Now since they are all listings, I was thinking of a polymorphic approach, creating a parent LISTINGS table and a different child table for each of the different categories (COMPUTERS, CARS, CAMERAS). Each child table will have a listing_id that will link back to the LISTINGS TABLE. So when a listing is fetched, it would fetch a row from LISTINGS joined by the linked row in the associated child table.
LISTINGS
-listing_id
-user_id
-email_address
-date_created
-description
CARS
-car_id
-listing_id
-make
-model
-num_doors
-horsepower
COMPUTERS
-computer_id
-listing_id
-cpu
-ram
-motherboard_model
Now, is this schema a good design pattern or are there better ways to do this?
I considered single inheritance but quickly brushed off the thought because the table will get too large too quickly, but then another dilemma came to mind - if the user does a global search on all the listings, then that means I will have to query each child table separately.
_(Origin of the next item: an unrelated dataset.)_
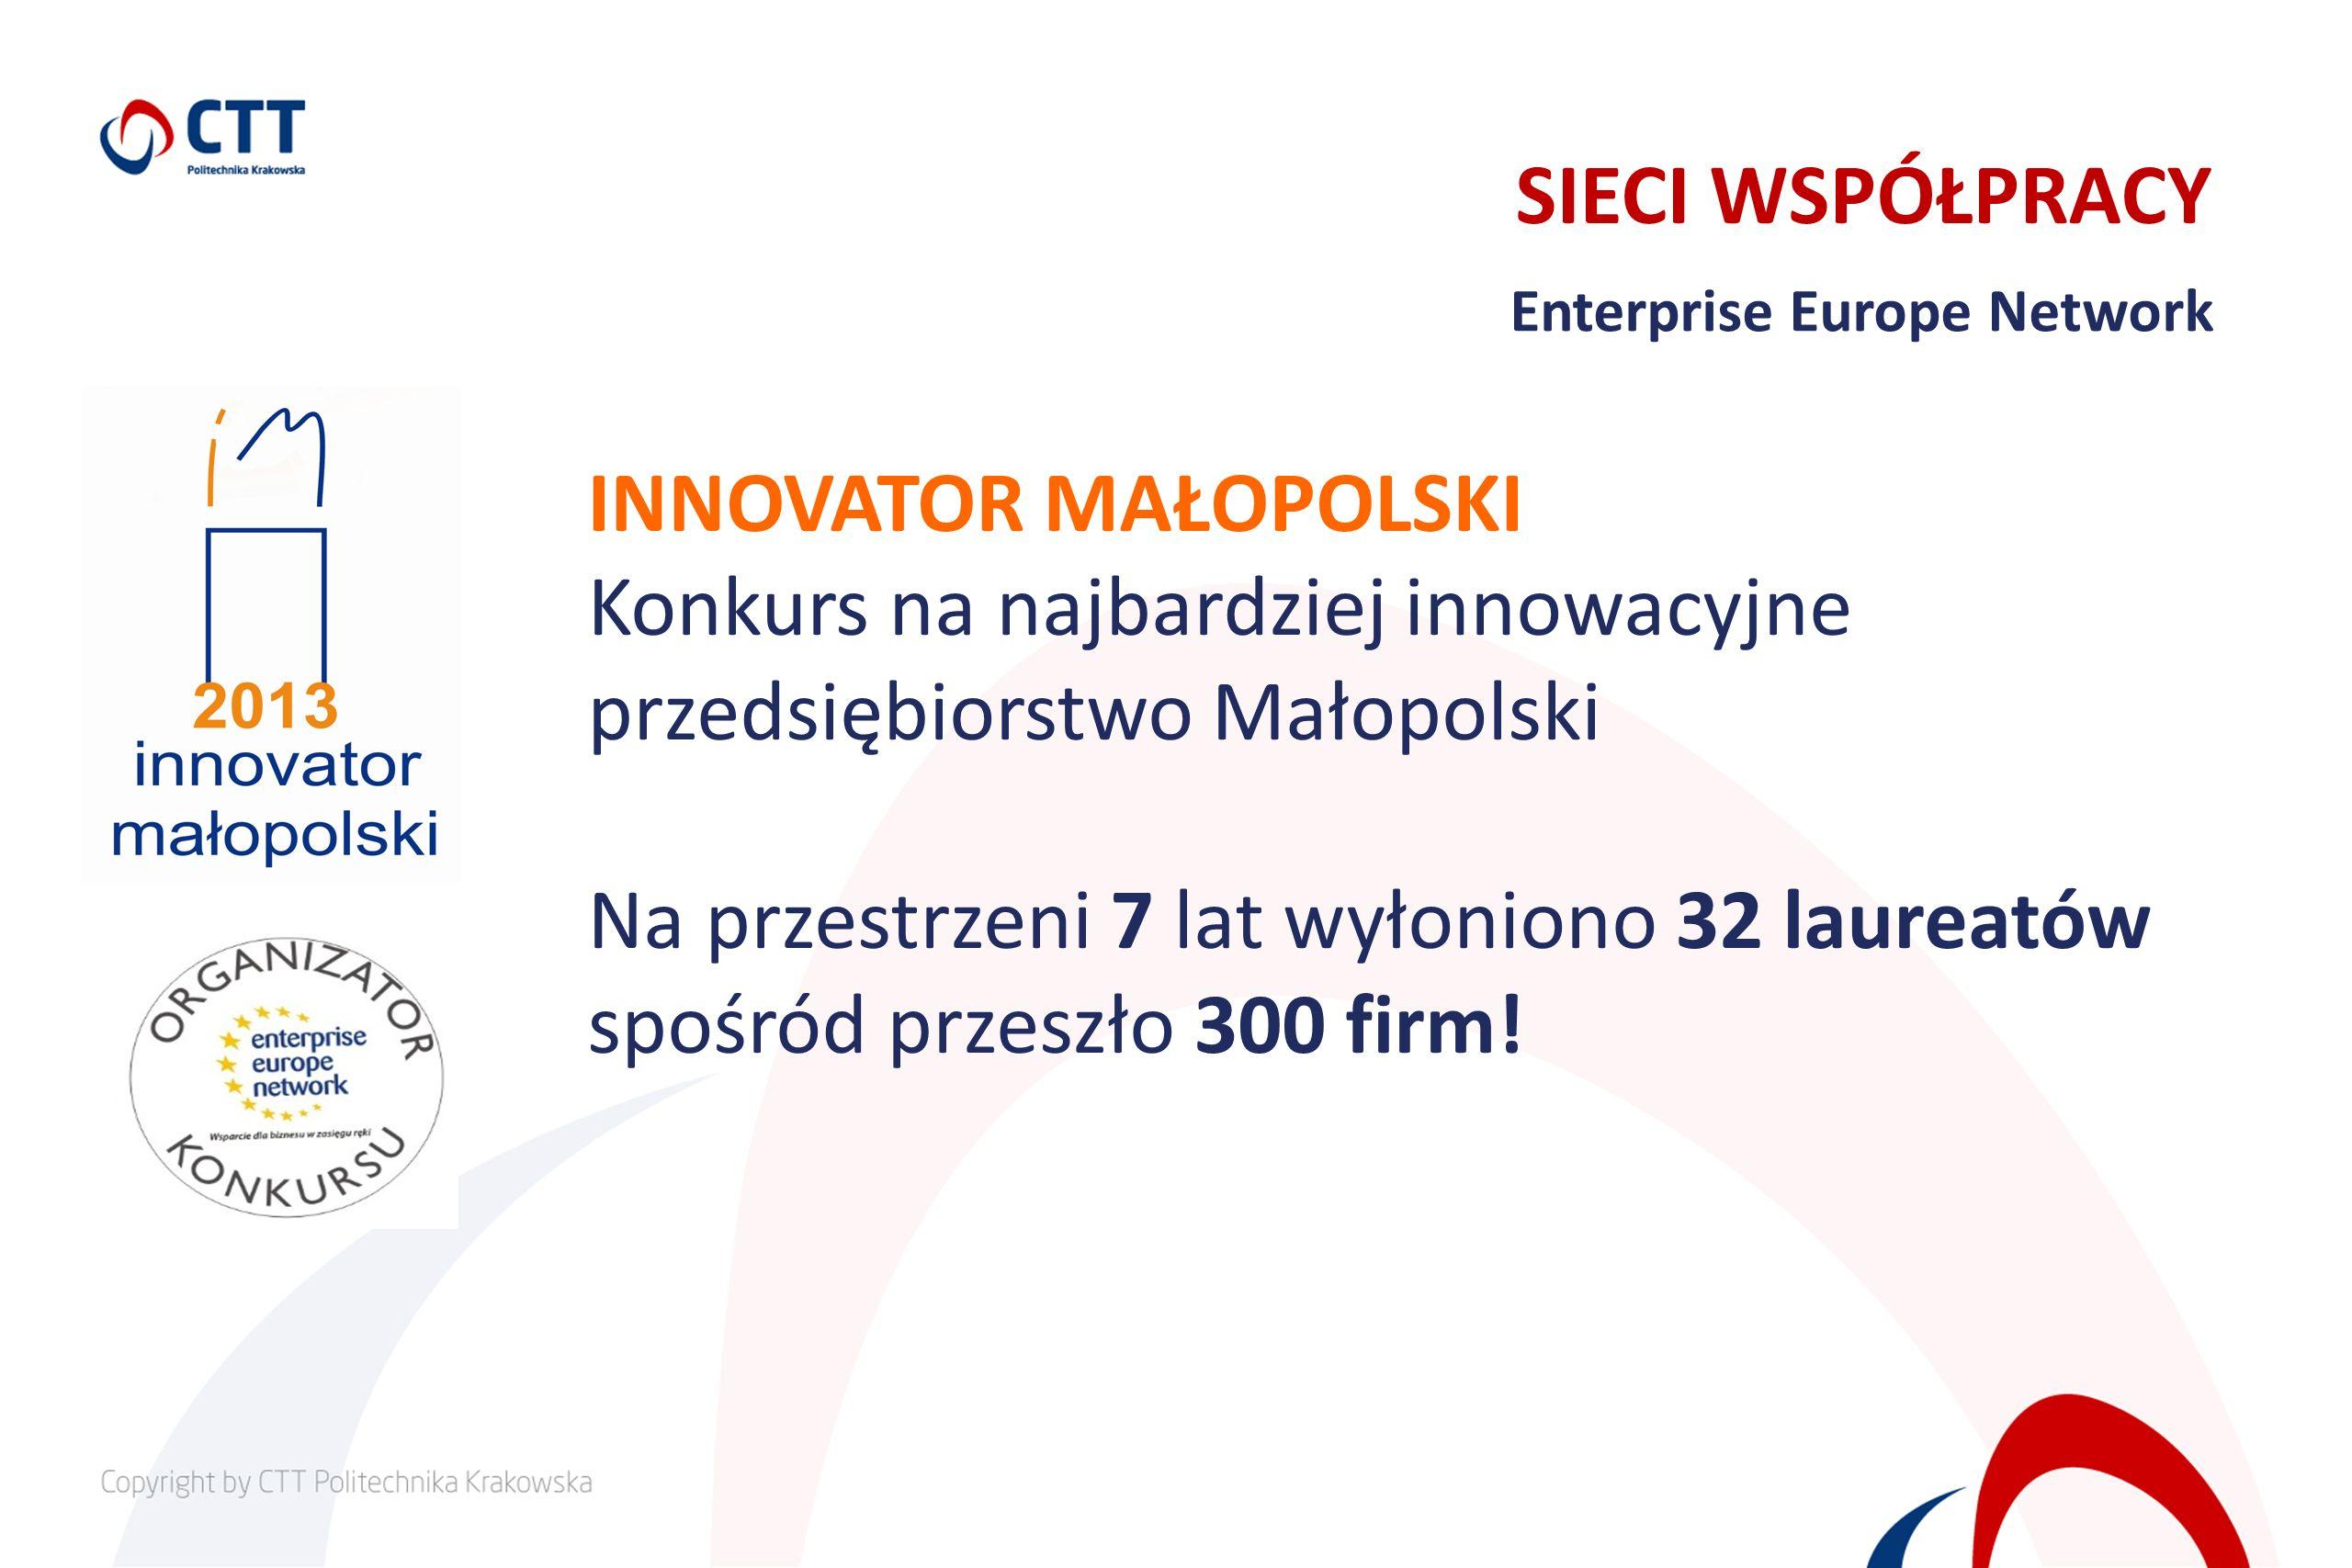 SIECI WSPÓŁPRACY Enterprise Europe Network INNOVATOR MAŁOPOLSKI Konkurs na najbardziej innowacyjne przedsiębiorstwo Małopolski Na przestrzeni 7 lat wy

What happens if I have over 100 different categories, wouldn't it be inefficient?
I also thought of another approach where there is a master table (meta table) that defines the fields in each category and a field table that stores the field values of each listing, but would that go against database normalization?
How would sites like Kijiji do it?
Your database design is fine. No reason to change what you've got. I've seen the search done a few ways. One is to have your search stored procedure join all the tables you need to search across and index the columns to be searched. The second way I've seen it done which worked pretty well was to have a table that is only used for search which gets a copy of whatever fields that need to be searched. Then you would put triggers on those fields and update the search table.
They both have drawbacks but I preferred the first to the second.
EDIT
You need the following tables.
Categories
- Id
- Description
CategoriesListingsXref
- CategoryId
- ListingId
With this cross reference model you can join all your listings for a given category during search. Then add a little dynamic sql (because it's easier to understand) and build up your query to include the field(s) you want to search against and call execute on your query.
That's it.
EDIT 2
This seems to be a little bigger discussion that we can fin in these comment boxes. But, anything we would discuss can be understood by reading the following post.
http://www.sommarskog.se/dyn-search-2008.html
It is really complete and shows you more than 1 way of doing it with pro's and cons.
Good luck.
I think the design you have chosen will be good for the scenario you just described. Though I'm not sure if the sub class tables should have their own ID. Since a CAR is a Listing, it makes sense that the values are from the same "domain".
In the typical classified ads site, the data for an ad is written once and then is basically read-only. You can exploit this and store the data in a second set of tables that are more optimized for searching in just the way you want the users to search. Also, the search problem only really exists for a "general" search. Once the user picks a certain type of ad, you can switch to the sub class tables in order to do more advanced search (RAM > 4gb, cpu = overpowered).